# WORK REQUIRED
Leaving the pictures aside, repeat the entries exactly.

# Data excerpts
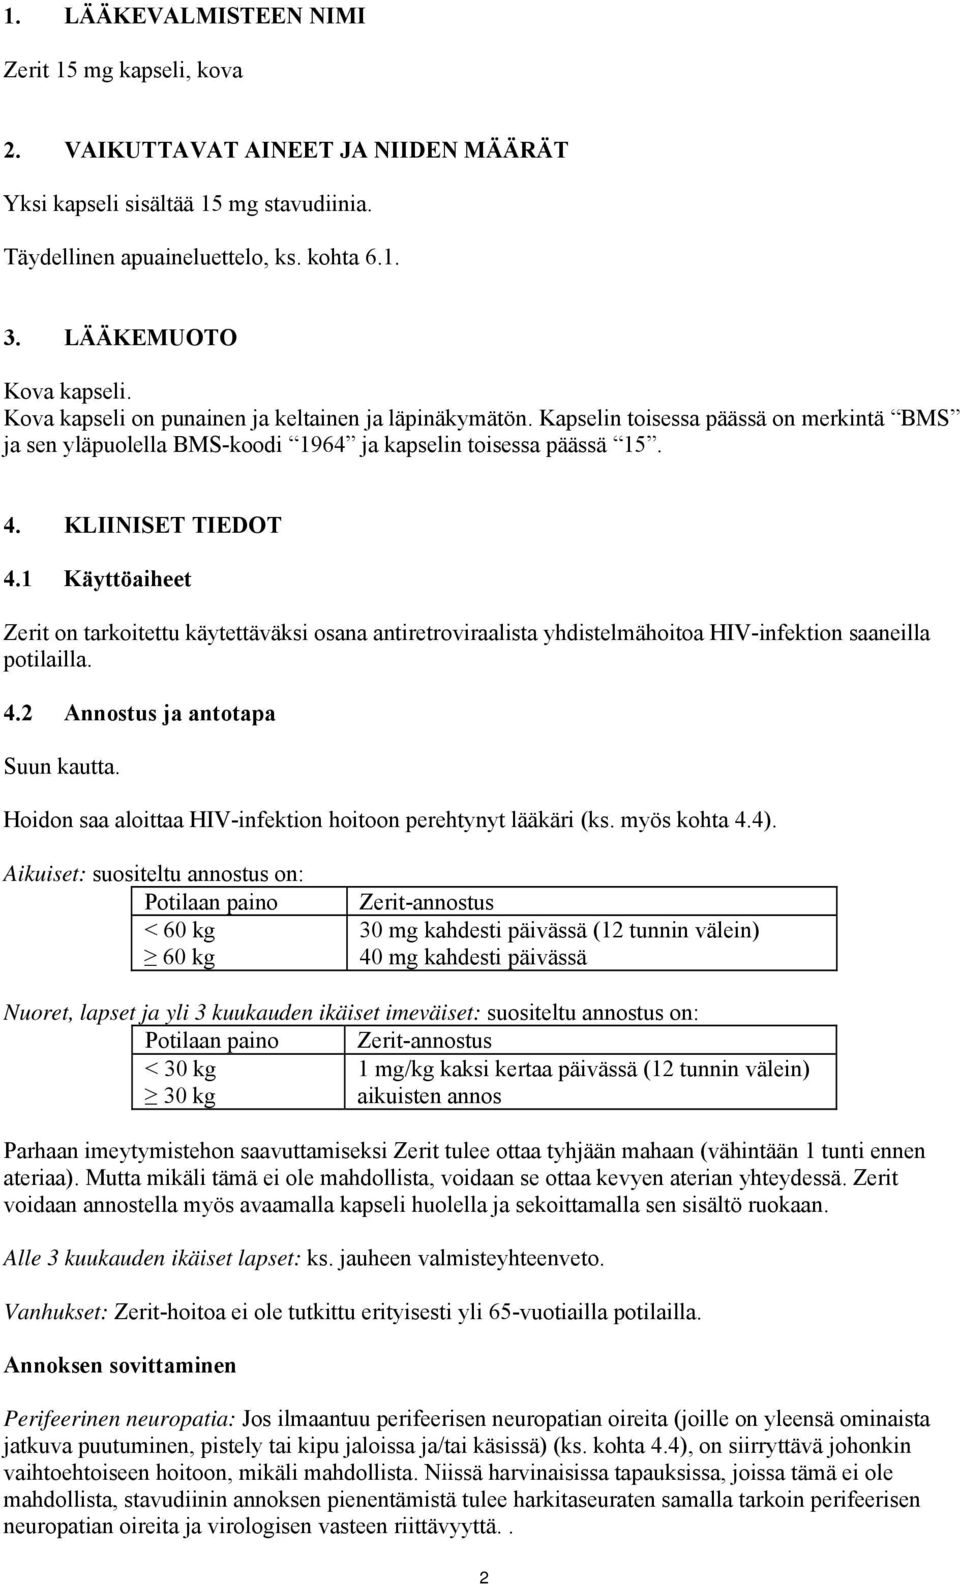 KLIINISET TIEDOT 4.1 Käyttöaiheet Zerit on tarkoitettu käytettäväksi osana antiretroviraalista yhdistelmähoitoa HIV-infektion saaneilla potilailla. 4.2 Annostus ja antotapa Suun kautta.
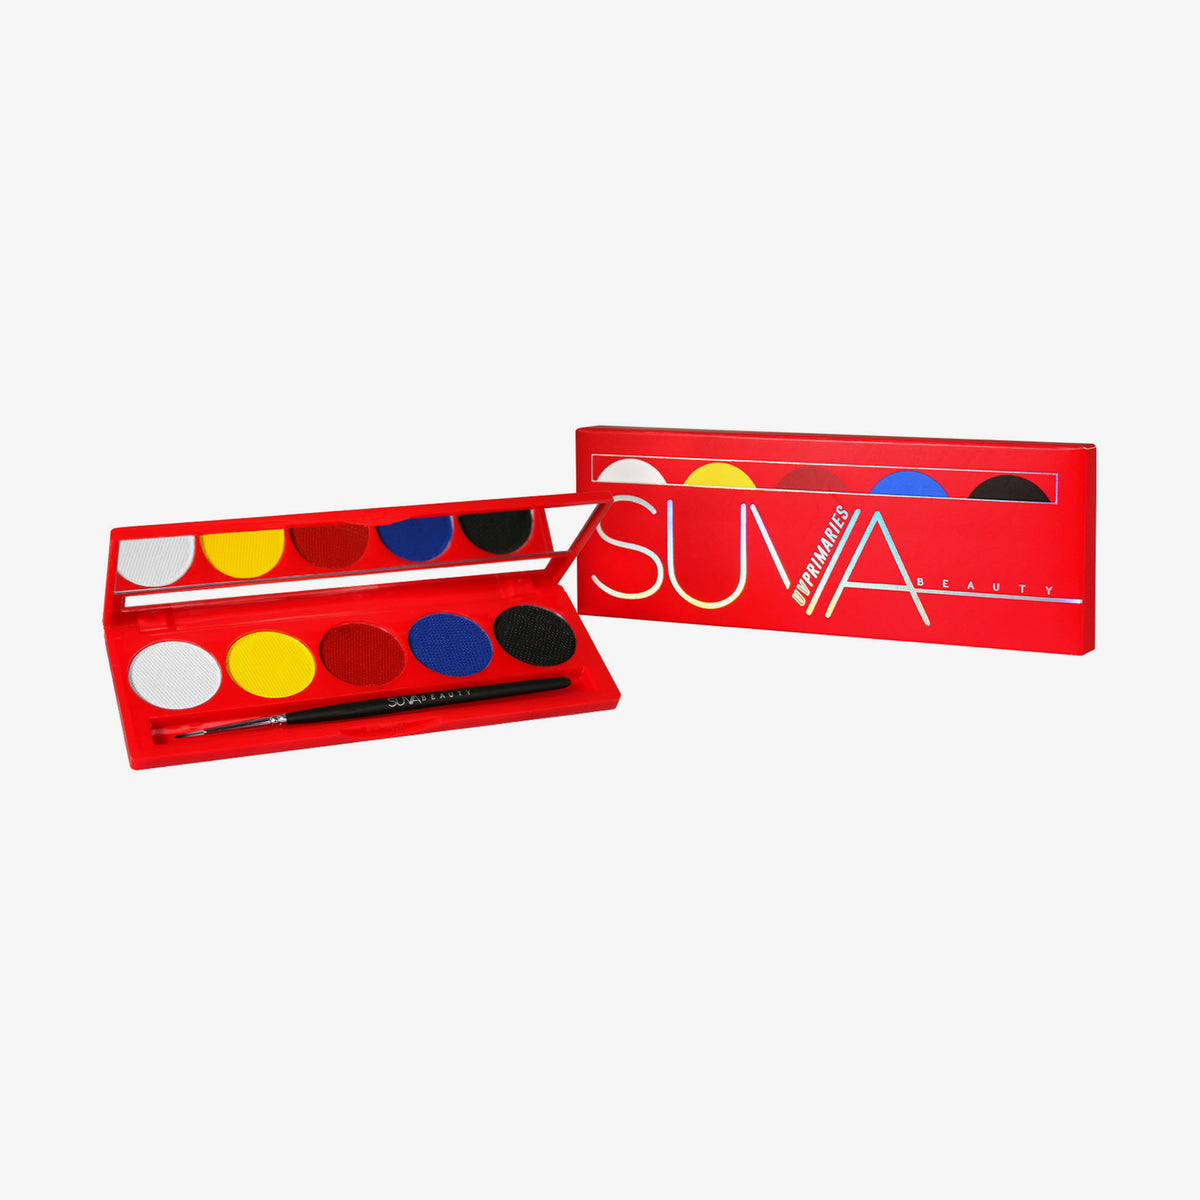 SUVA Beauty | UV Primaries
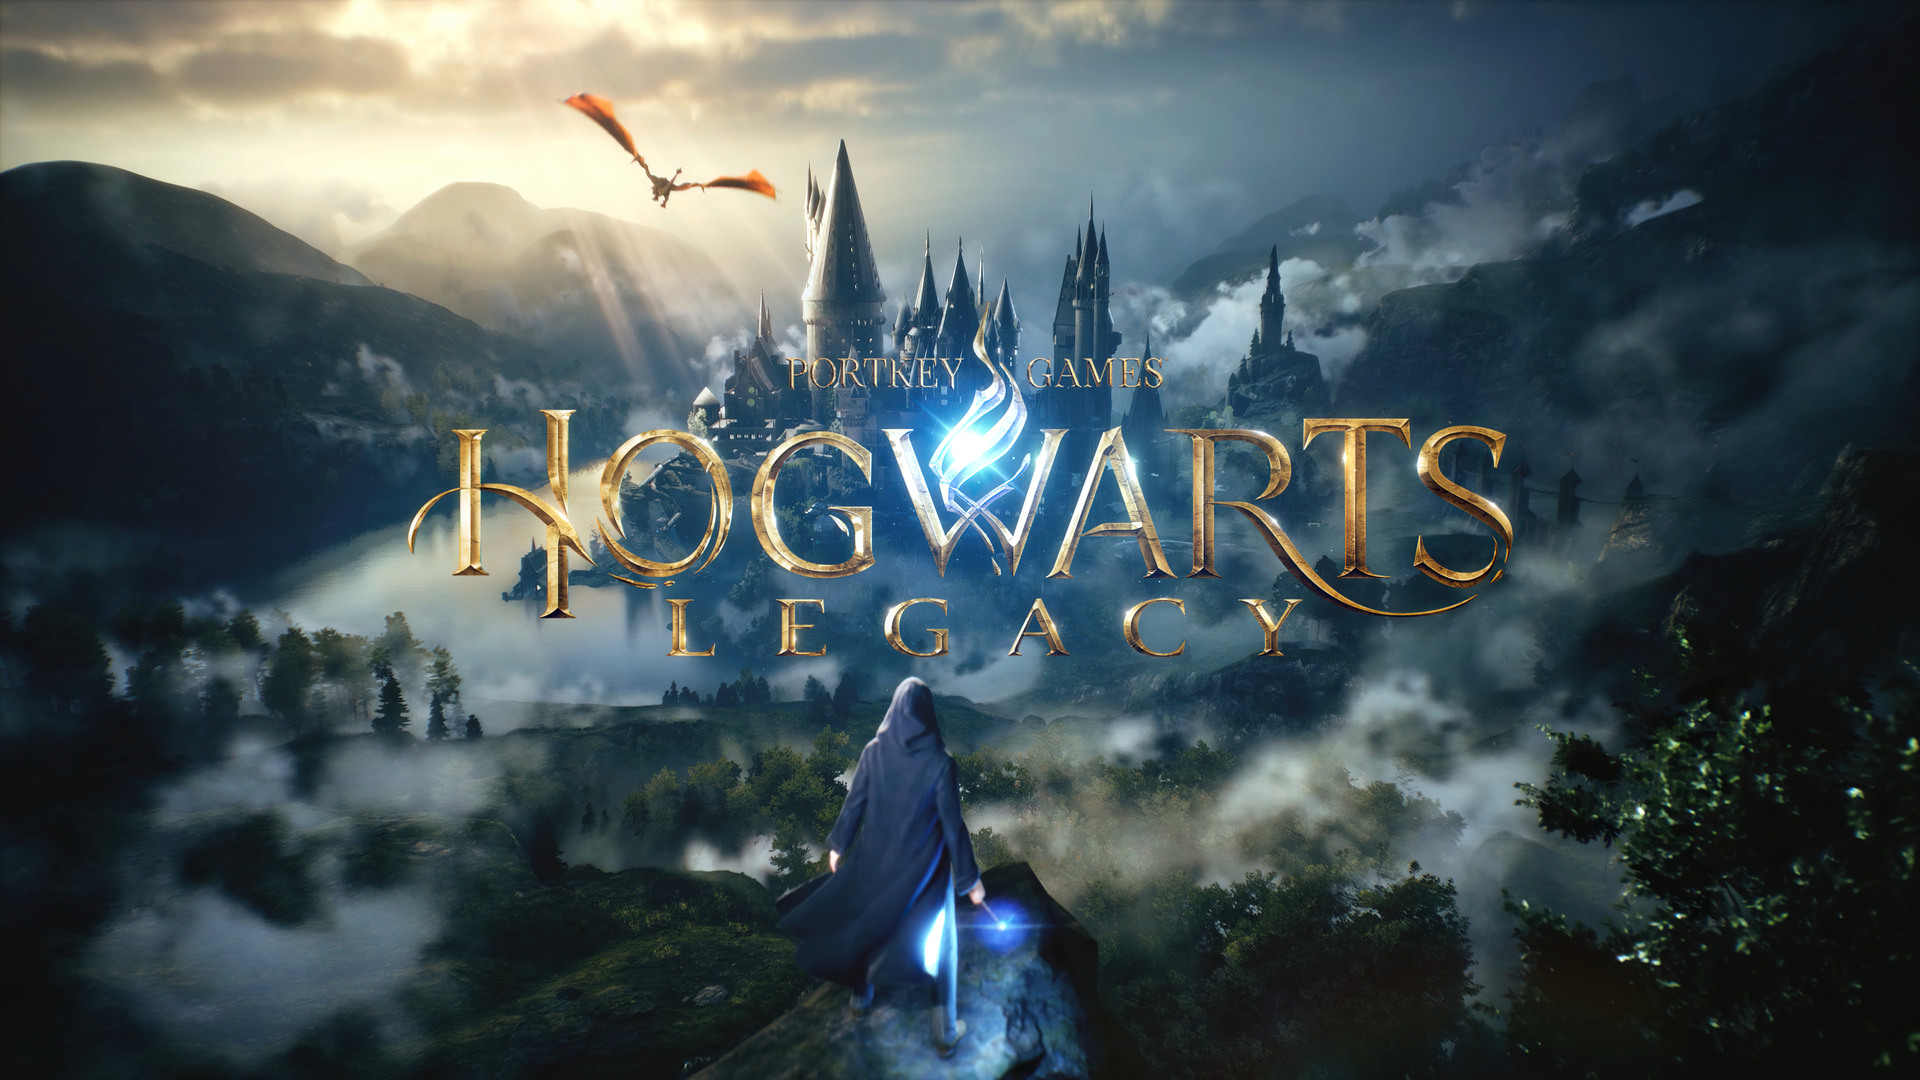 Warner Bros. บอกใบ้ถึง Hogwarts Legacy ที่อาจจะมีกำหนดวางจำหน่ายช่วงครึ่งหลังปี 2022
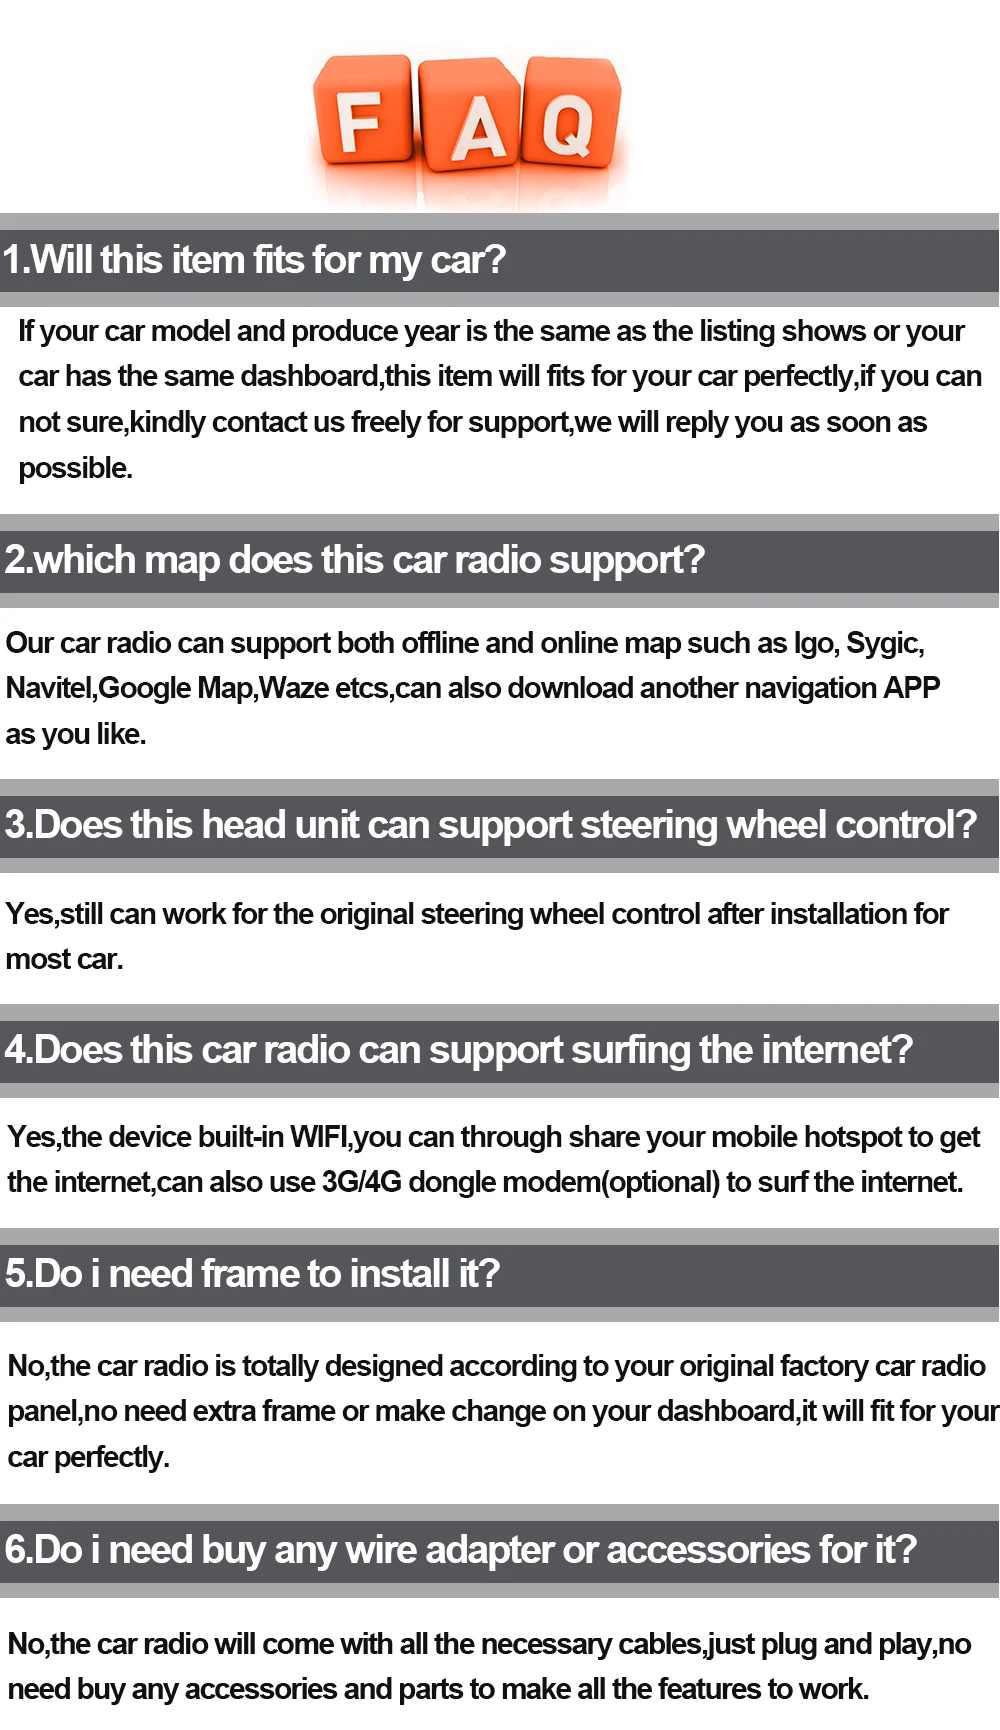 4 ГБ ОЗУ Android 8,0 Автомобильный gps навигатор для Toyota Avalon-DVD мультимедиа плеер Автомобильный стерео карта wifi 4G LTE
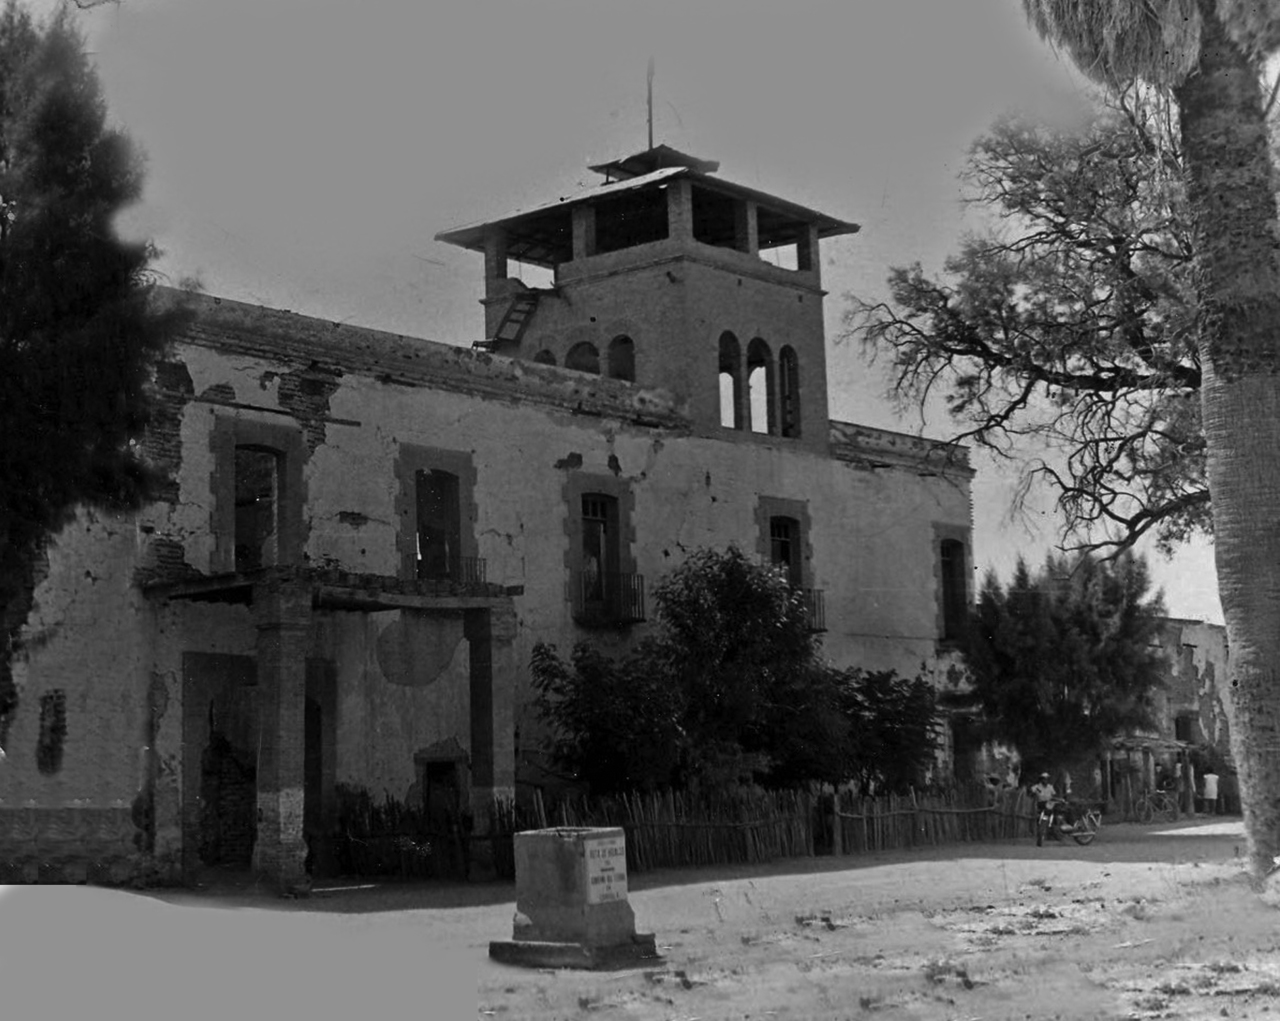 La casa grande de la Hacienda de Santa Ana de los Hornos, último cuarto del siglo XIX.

# SOLUTION FOR THIS PROBLEM
 KLIINISET TIEDOT 4.1 Käyttöaiheet Zerit on tarkoitettu käytettäväksi osana antiretroviraalista yhdistelmähoitoa HIV-infektion saaneilla potilailla. 4.2 Annostus ja antotapa Suun kautta.
 SUVA Beauty | UV Primaries
 Warner Bros. บอกใบ้ถึง Hogwarts Legacy ที่อาจจะมีกำหนดวางจำหน่ายช่วงครึ่งหลังปี 2022
 4 ГБ ОЗУ Android 8,0 Автомобильный gps навигатор для Toyota Avalon-DVD мультимедиа плеер Автомобильный стерео карта wifi 4G LTE
 La casa grande de la Hacienda de Santa Ana de los Hornos, último cuarto del siglo XIX.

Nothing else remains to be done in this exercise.